## Task to complete
Everything from the line holding "Ultrahangos tisztító - 2" to the end of the listing below should be copied exactly, line for line, minus the pictures.

## Information shown
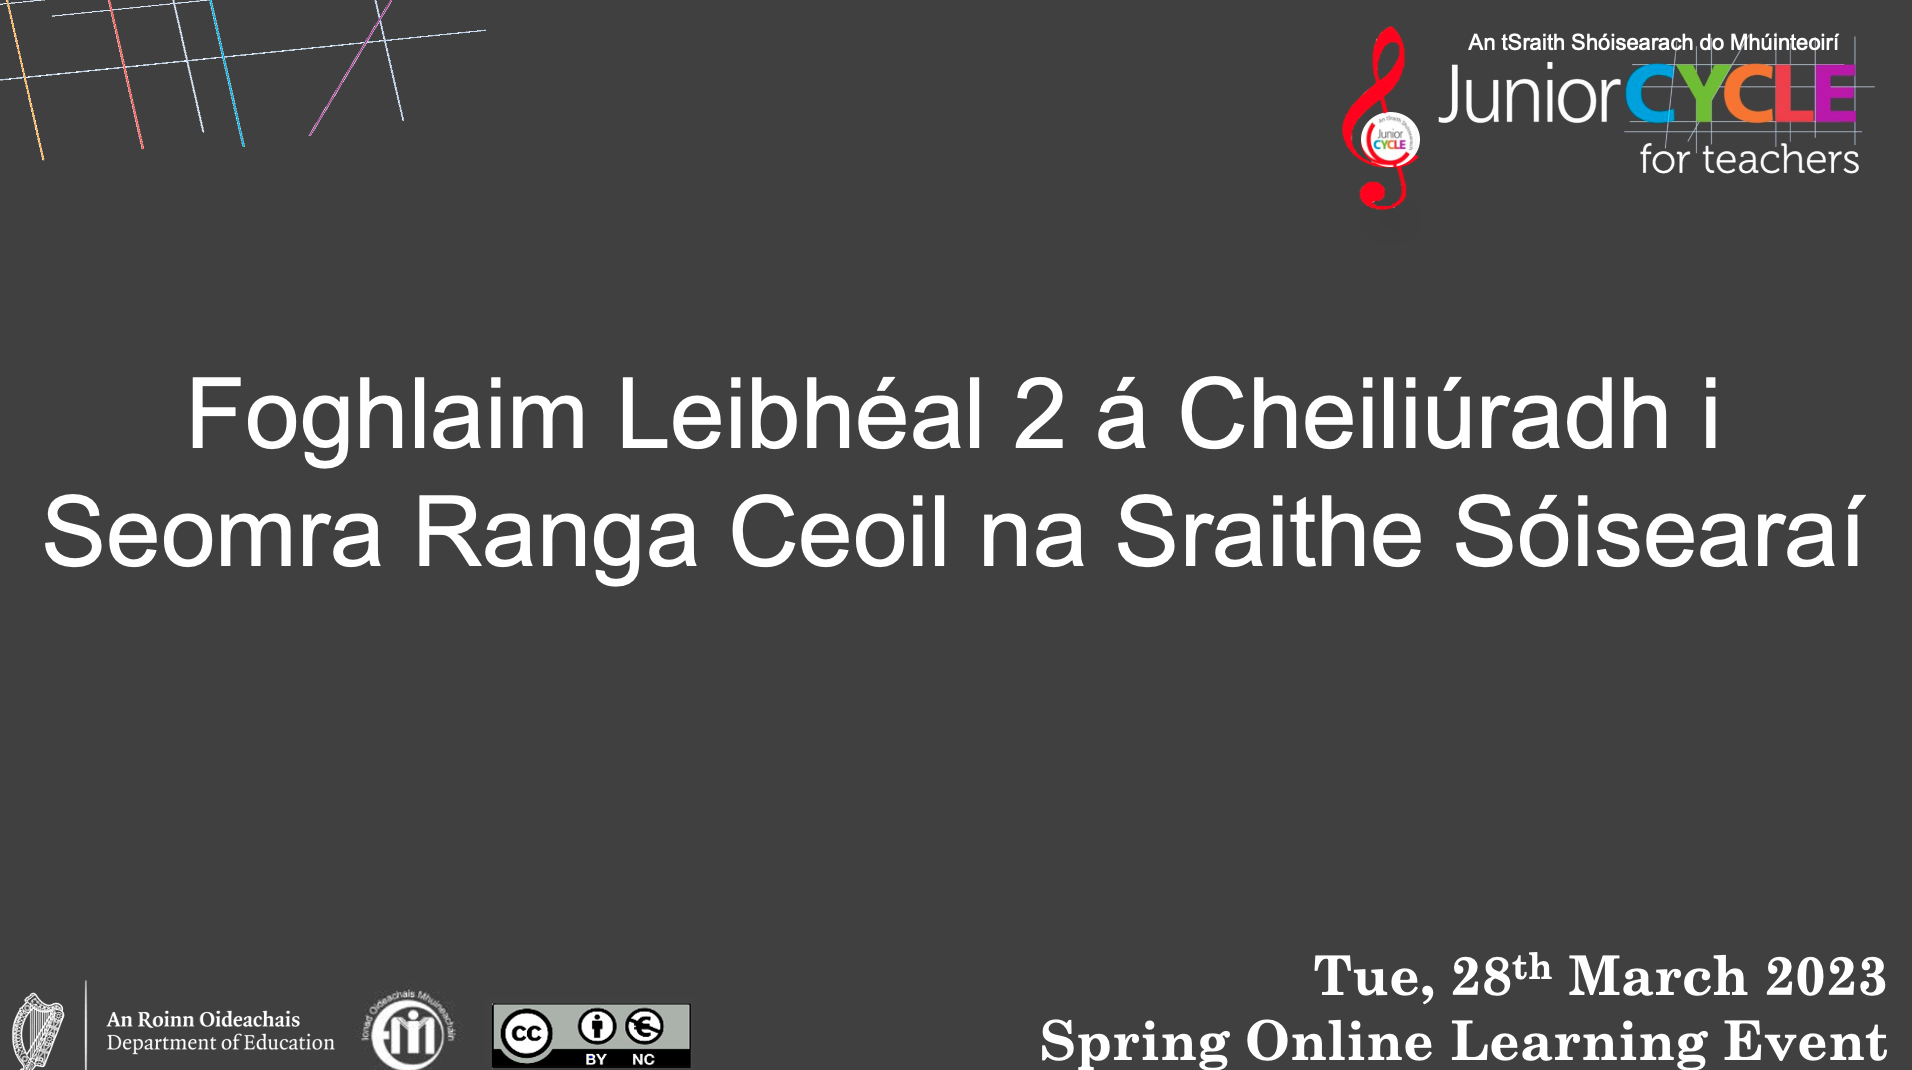 Foghlaim Leibhéal 2 á Cheiliúradh i Seomra Ranga Ceoil na Sraithe Sóisearaí
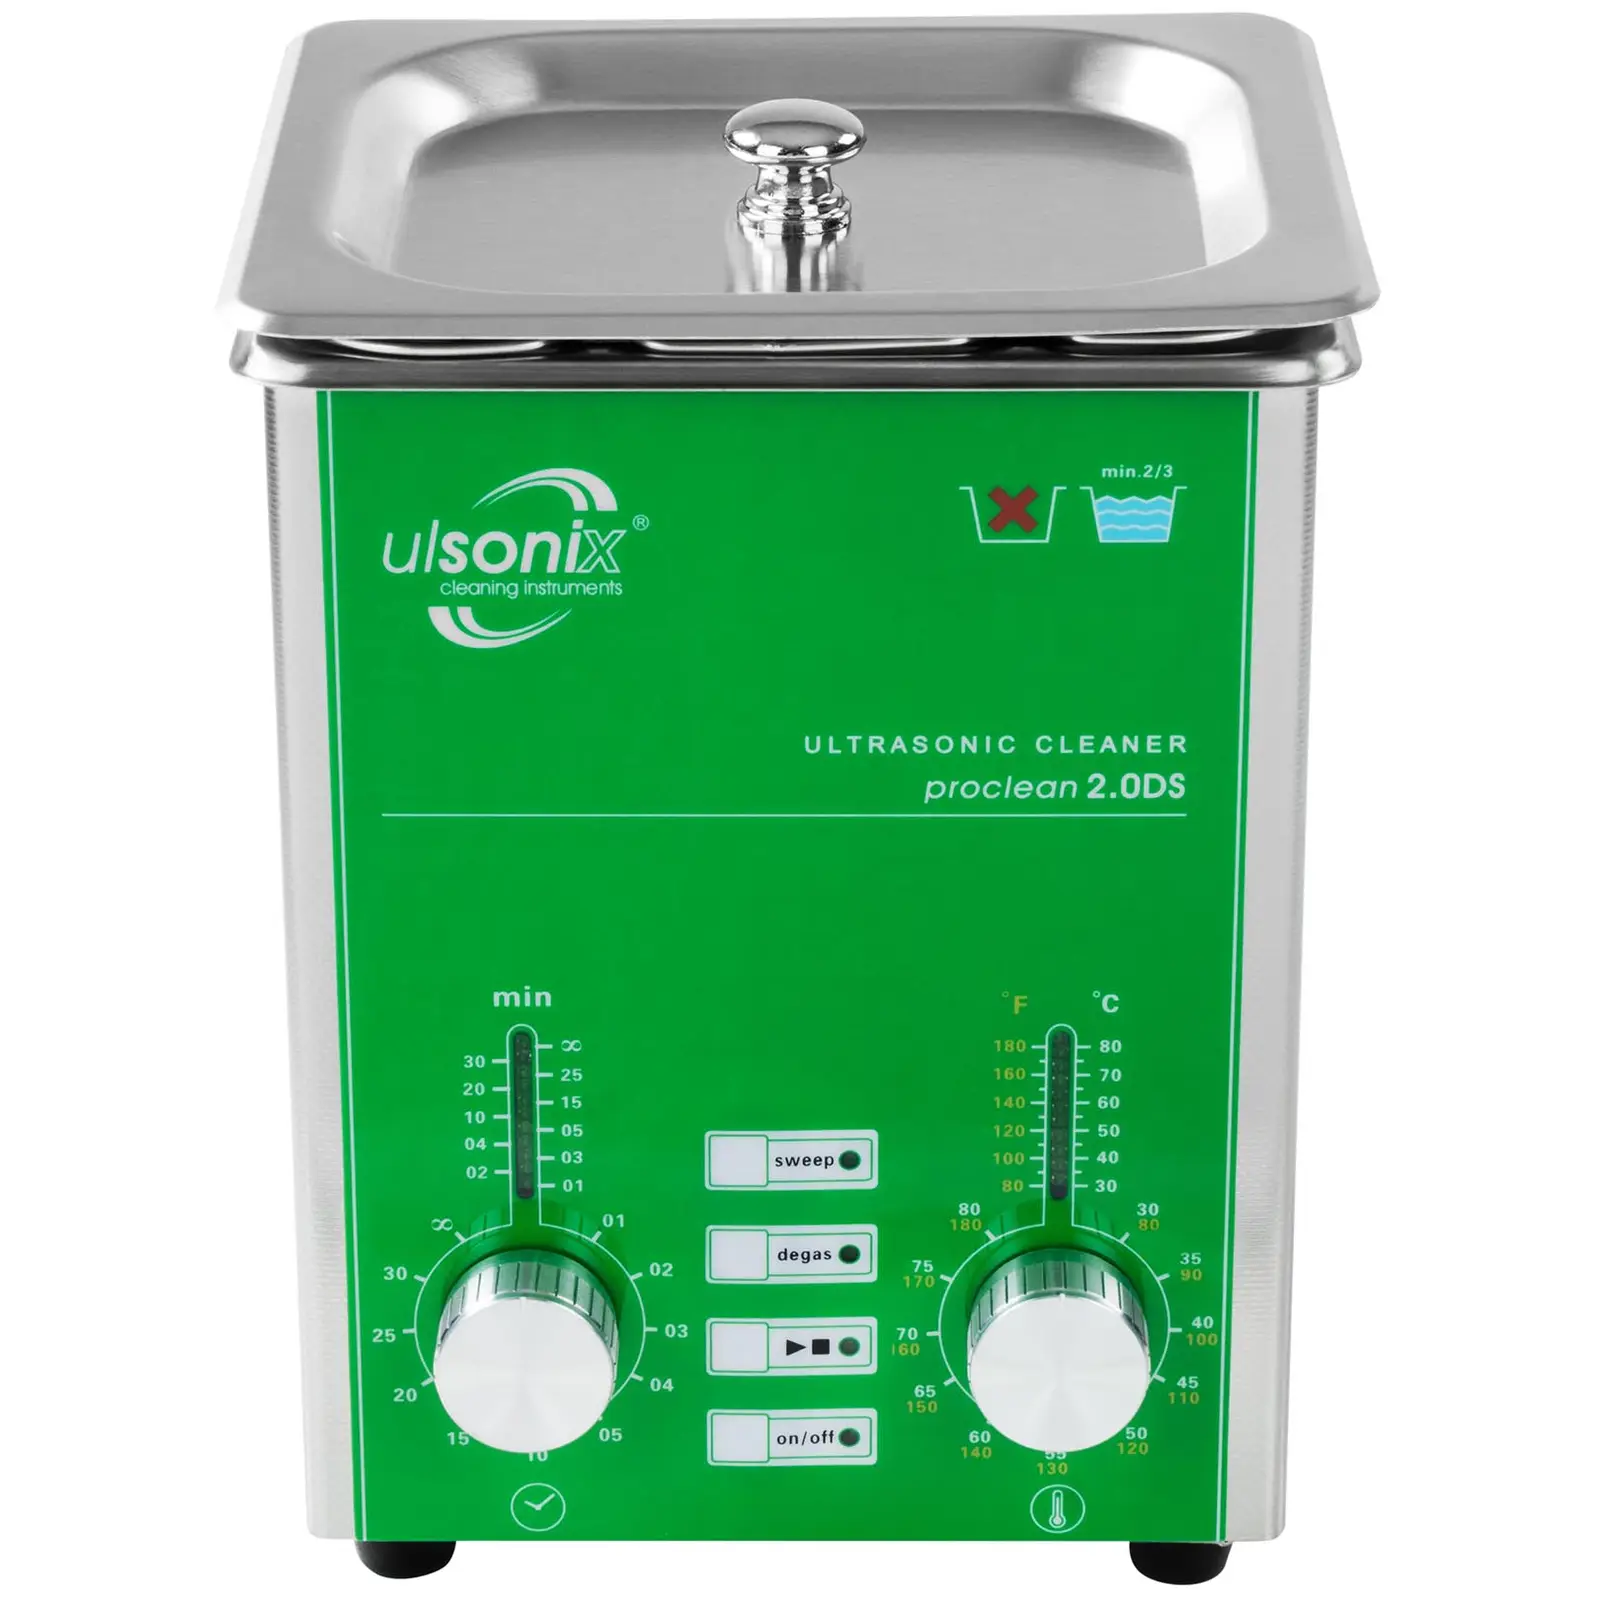 Ultrahangos tisztító - 2 liter - Degas - Sweep
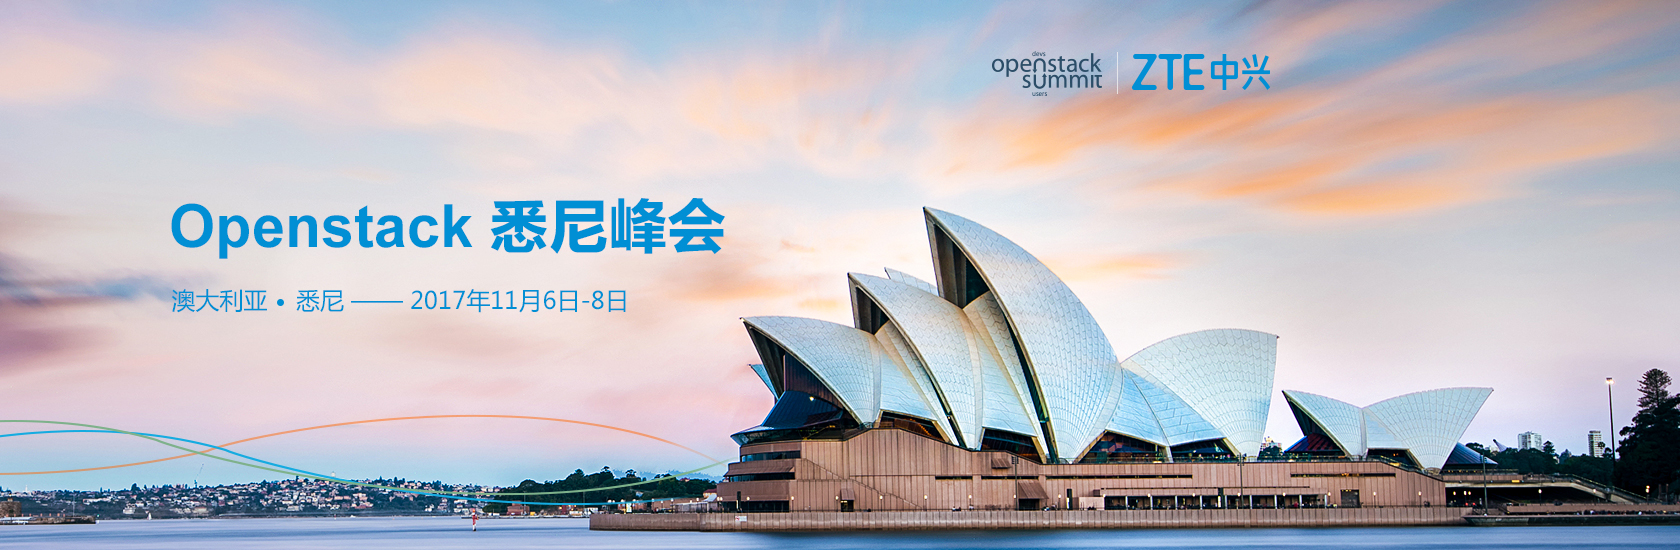 中兴Openstack 悉尼峰会

## Answer
 Ultrahangos tisztító - 2 liter - Degas - Sweep
 中兴Openstack 悉尼峰会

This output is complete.